Leave out the pictures and reproduce all of the data exactly.
DATA SHOWN section start
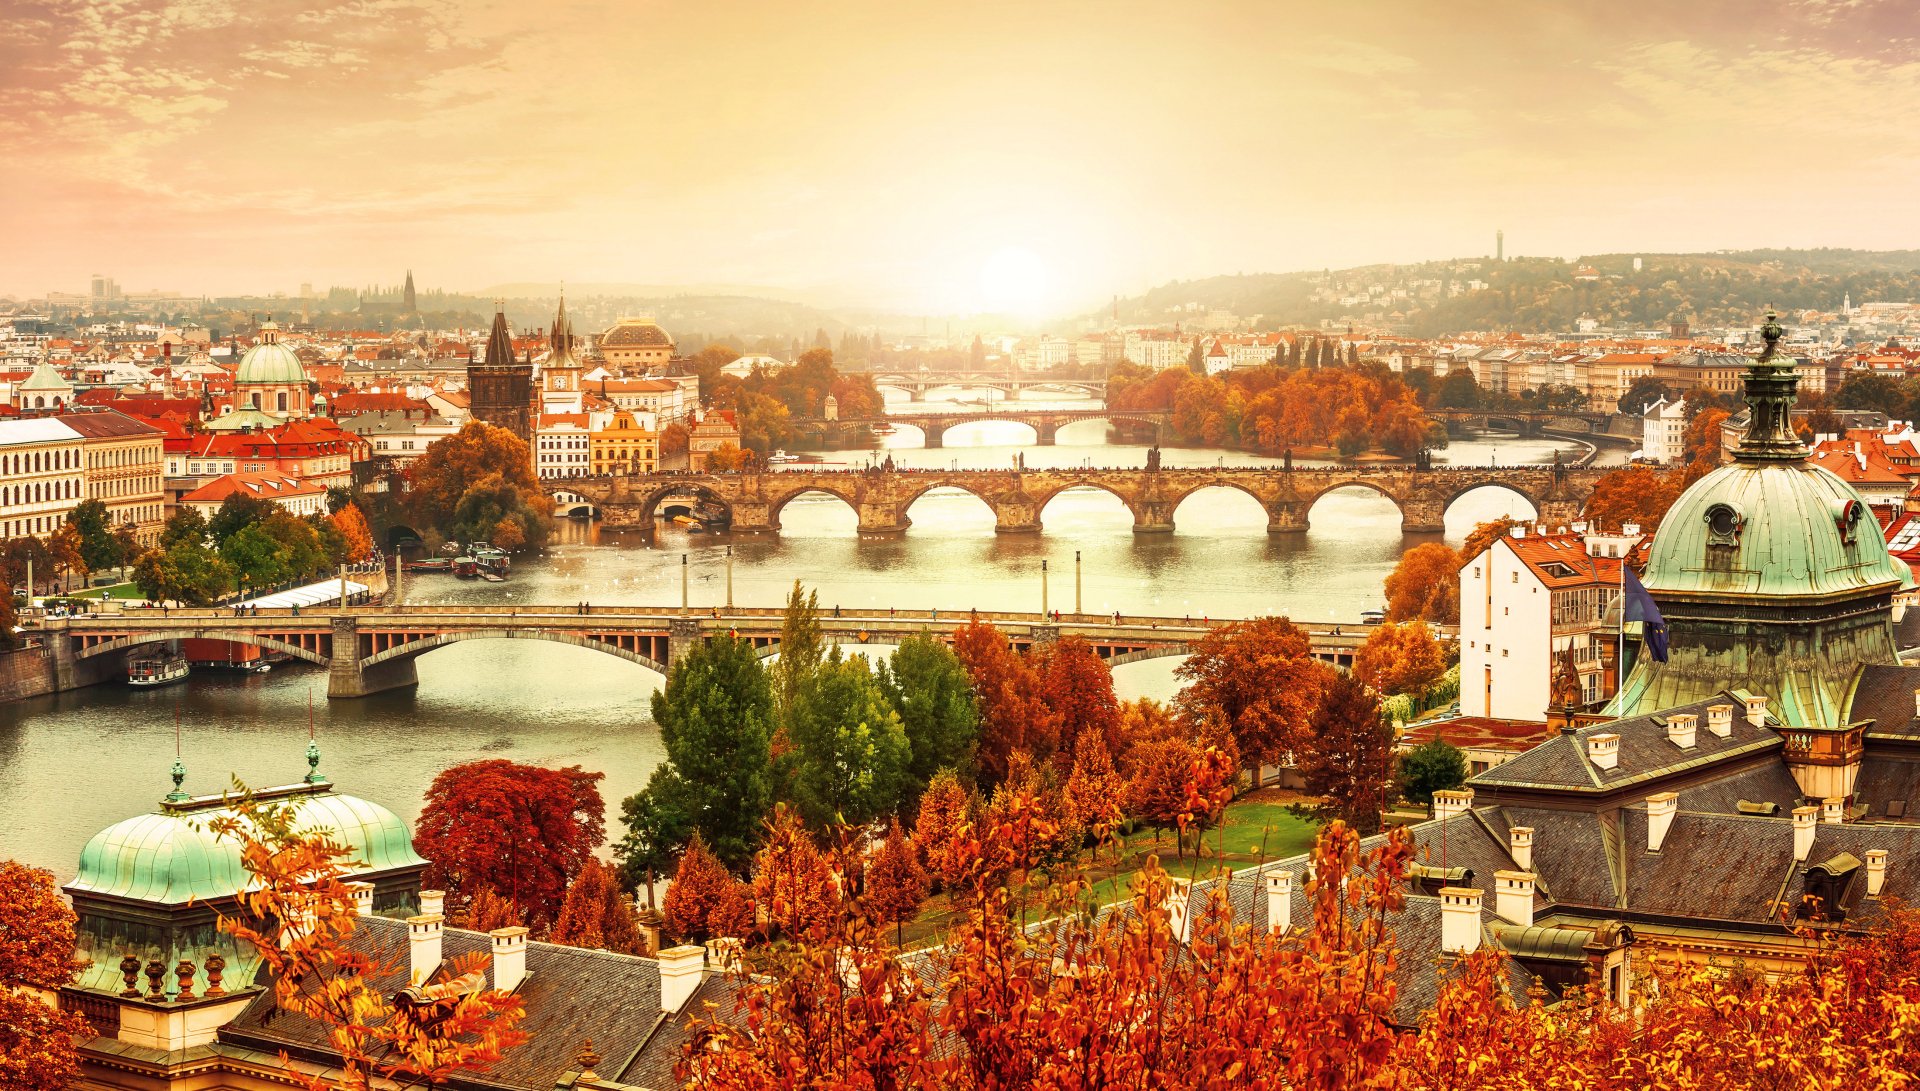 Download Czech Republic City House Fall Bridge Cityscape Man Made Prague  4k Ultra HD Wallpaper
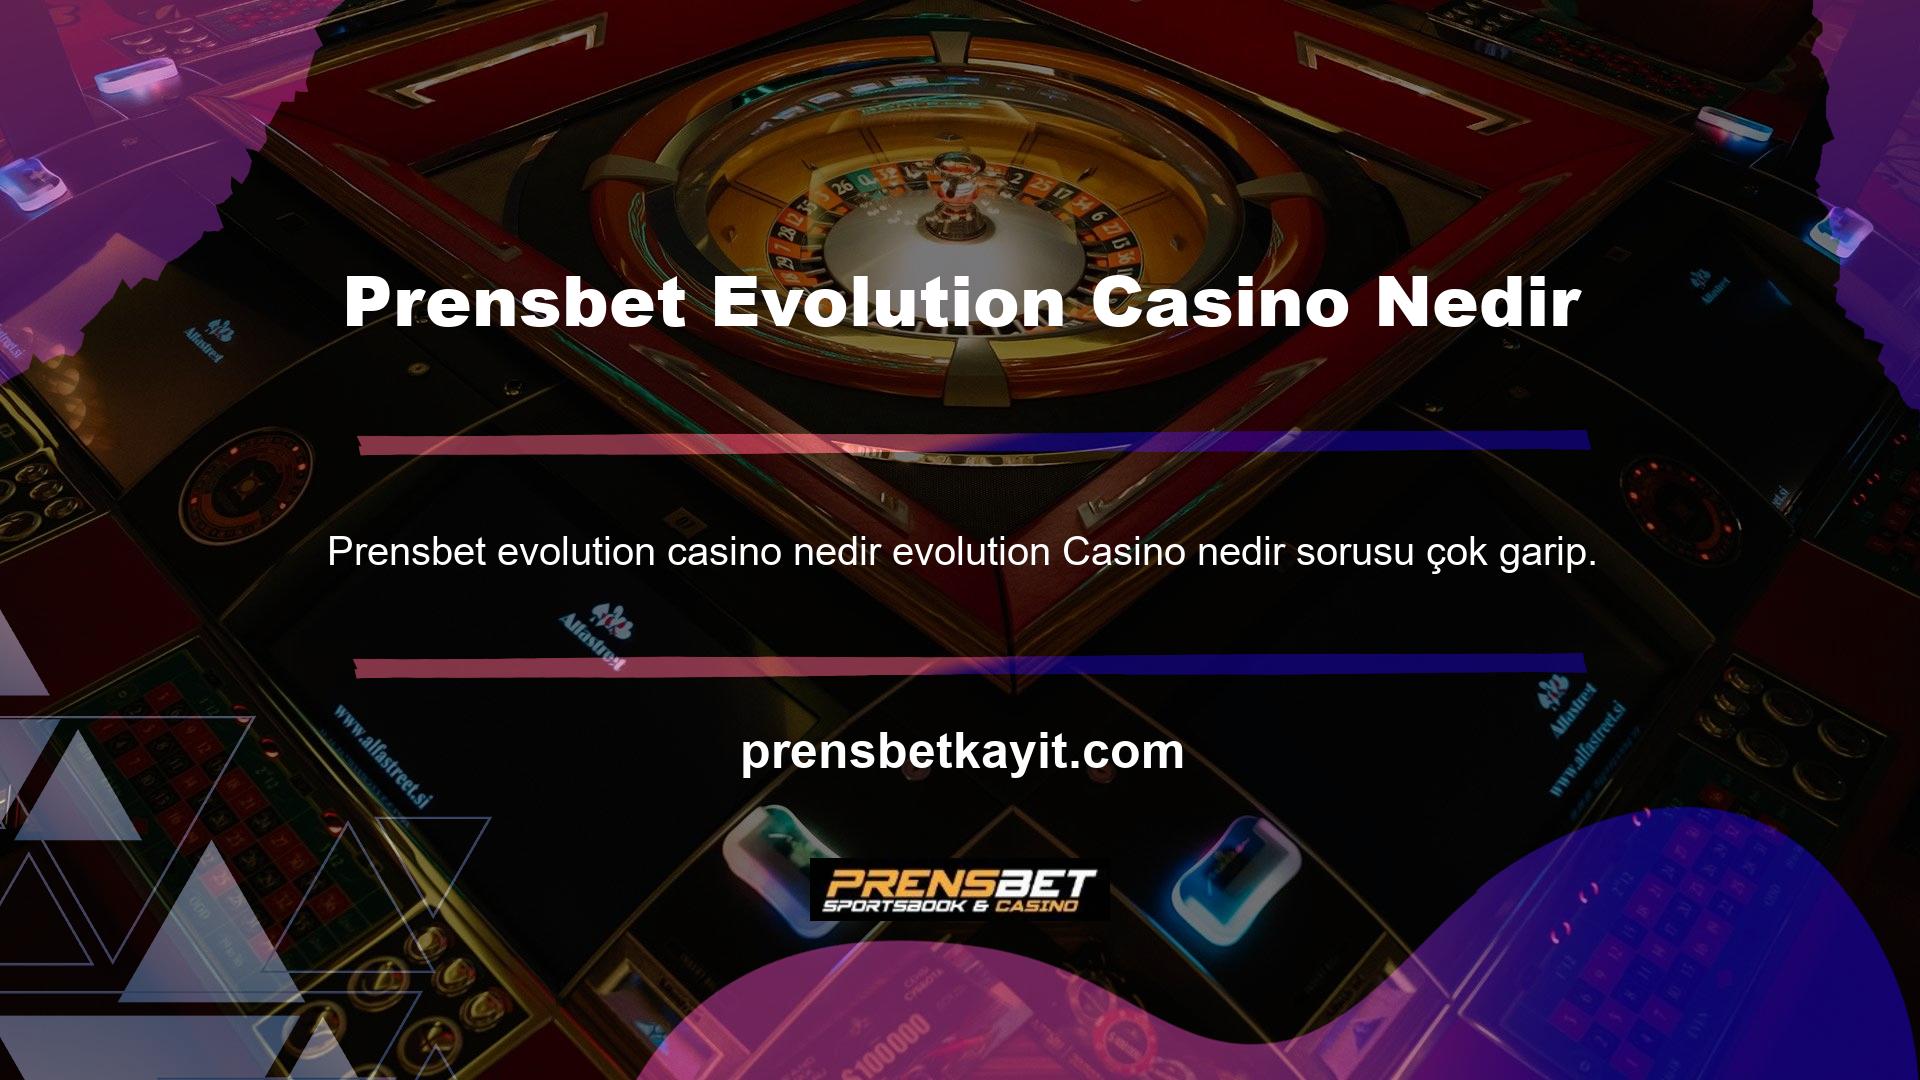 Teknolojinin gelişmesiyle birlikte casino tutkunları için online platformlar ortaya çıkmıştır
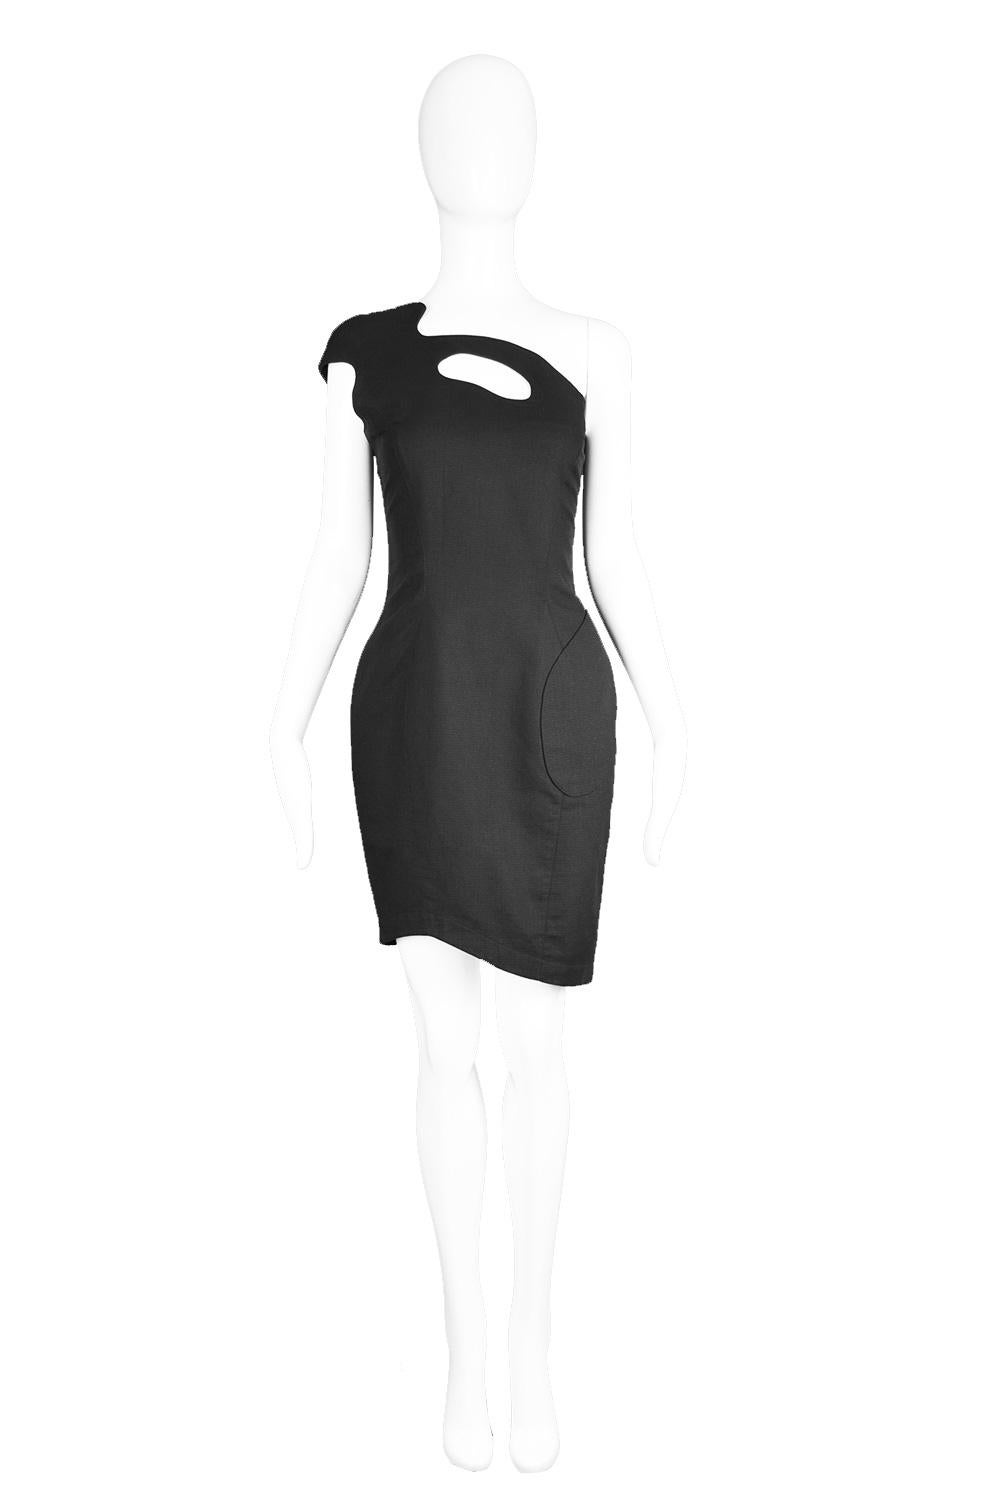 Thierry Mugler Sculptural One Shoulder Vintage Black Cotton Party Dress, 1980s

Estimated Size: UK 10/ US 6/ EU 38. Please check measurements & description by clicking 'Continue Reading' below.
Bust - 34” / 86cm
Waist - 28” / 71cm
Hips - 36” /
DATA SHOWN section end
ANSWER =
 Download Czech Republic City House Fall Bridge Cityscape Man Made Prague  4k Ultra HD Wallpaper
 Teknolojinin gelişmesiyle birlikte casino tutkunları için online platformlar ortaya çıkmıştır
 Thierry Mugler Sculptural One Shoulder Vintage Black Cotton Party Dress, 1980s

Estimated Size: UK 10/ US 6/ EU 38. Please check measurements & description by clicking 'Continue Reading' below.
Bust - 34” / 86cm
Waist - 28” / 71cm
Hips - 36” /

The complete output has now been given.